Material to process START

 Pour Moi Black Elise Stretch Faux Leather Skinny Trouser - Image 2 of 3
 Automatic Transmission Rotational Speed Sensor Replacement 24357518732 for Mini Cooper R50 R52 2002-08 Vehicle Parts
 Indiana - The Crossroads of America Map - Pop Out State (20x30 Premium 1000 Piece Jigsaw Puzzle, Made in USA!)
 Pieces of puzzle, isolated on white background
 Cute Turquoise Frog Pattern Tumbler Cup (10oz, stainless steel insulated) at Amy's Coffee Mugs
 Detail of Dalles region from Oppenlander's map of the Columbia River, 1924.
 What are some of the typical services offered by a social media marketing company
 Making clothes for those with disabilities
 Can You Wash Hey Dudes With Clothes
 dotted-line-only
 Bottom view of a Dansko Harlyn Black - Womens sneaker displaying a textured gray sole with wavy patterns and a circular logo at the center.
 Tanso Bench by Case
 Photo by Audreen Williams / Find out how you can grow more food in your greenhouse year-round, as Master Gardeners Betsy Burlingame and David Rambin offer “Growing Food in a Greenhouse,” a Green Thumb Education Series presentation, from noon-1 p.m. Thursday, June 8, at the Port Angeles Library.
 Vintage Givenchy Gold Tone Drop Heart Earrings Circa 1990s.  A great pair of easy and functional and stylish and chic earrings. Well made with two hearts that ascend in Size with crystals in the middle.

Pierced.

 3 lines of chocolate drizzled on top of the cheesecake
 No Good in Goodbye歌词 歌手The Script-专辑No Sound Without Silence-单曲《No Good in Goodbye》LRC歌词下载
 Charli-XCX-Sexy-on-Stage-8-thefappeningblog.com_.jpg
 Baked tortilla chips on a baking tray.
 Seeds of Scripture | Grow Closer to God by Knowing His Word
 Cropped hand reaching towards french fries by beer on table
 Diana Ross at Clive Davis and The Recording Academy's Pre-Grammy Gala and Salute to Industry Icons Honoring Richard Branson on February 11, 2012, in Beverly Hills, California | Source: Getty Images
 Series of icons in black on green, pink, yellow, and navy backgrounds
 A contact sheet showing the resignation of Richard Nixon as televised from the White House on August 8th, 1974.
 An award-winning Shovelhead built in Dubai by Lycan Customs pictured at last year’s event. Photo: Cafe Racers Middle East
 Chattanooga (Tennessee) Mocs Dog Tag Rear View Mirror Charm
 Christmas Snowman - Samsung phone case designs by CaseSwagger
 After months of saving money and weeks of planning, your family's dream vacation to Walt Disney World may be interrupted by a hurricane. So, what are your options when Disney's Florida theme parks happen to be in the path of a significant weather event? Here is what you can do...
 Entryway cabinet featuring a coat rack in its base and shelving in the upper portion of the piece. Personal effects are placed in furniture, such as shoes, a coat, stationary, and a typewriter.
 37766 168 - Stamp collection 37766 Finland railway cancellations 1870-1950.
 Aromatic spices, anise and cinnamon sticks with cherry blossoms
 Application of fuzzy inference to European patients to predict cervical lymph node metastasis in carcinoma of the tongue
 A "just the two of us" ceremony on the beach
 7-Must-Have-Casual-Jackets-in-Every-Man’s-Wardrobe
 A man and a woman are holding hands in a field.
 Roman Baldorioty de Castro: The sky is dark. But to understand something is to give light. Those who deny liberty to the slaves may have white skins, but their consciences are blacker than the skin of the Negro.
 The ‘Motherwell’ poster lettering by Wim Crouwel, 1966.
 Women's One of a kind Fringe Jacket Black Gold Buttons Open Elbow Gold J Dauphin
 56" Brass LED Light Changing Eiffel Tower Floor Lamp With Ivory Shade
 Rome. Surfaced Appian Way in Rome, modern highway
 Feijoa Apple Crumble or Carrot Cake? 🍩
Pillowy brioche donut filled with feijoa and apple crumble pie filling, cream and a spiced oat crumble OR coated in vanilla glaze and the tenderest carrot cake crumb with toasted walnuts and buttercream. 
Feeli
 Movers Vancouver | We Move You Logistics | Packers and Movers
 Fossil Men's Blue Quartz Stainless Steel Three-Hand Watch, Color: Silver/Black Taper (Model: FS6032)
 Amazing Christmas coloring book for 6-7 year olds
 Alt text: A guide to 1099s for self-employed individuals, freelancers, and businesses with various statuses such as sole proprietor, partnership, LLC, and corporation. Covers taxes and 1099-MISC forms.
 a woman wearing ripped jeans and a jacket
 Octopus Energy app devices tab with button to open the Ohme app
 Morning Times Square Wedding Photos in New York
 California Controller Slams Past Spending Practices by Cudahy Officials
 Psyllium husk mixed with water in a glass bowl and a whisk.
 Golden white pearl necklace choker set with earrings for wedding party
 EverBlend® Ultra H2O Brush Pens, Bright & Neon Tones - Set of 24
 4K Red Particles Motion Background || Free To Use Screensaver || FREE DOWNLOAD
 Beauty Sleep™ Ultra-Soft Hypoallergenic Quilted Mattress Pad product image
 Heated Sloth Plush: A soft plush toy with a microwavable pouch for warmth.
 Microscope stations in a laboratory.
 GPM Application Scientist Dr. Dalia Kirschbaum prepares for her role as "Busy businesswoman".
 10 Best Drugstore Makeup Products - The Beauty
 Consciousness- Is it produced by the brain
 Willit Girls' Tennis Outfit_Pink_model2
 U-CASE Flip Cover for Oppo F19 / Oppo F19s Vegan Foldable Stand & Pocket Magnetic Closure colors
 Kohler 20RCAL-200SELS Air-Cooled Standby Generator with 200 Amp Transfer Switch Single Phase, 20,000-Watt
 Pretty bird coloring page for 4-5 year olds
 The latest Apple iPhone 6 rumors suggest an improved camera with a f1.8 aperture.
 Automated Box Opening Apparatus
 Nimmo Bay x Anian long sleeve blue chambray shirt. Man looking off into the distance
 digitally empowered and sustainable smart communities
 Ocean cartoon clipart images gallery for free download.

Material to process END

• Problem description:
Beginning with the first line of the entries, repeat each line exactly until you have reproduced the one containing "Photo by Audreen", and add nothing further.

• Result below:
 Pour Moi Black Elise Stretch Faux Leather Skinny Trouser - Image 2 of 3
 Automatic Transmission Rotational Speed Sensor Replacement 24357518732 for Mini Cooper R50 R52 2002-08 Vehicle Parts
 Indiana - The Crossroads of America Map - Pop Out State (20x30 Premium 1000 Piece Jigsaw Puzzle, Made in USA!)
 Pieces of puzzle, isolated on white background
 Cute Turquoise Frog Pattern Tumbler Cup (10oz, stainless steel insulated) at Amy's Coffee Mugs
 Detail of Dalles region from Oppenlander's map of the Columbia River, 1924.
 What are some of the typical services offered by a social media marketing company
 Making clothes for those with disabilities
 Can You Wash Hey Dudes With Clothes
 dotted-line-only
 Bottom view of a Dansko Harlyn Black - Womens sneaker displaying a textured gray sole with wavy patterns and a circular logo at the center.
 Tanso Bench by Case
 Photo by Audreen Williams / Find out how you can grow more food in your greenhouse year-round, as Master Gardeners Betsy Burlingame and David Rambin offer “Growing Food in a Greenhouse,” a Green Thumb Education Series presentation, from noon-1 p.m. Thursday, June 8, at the Port Angeles Library.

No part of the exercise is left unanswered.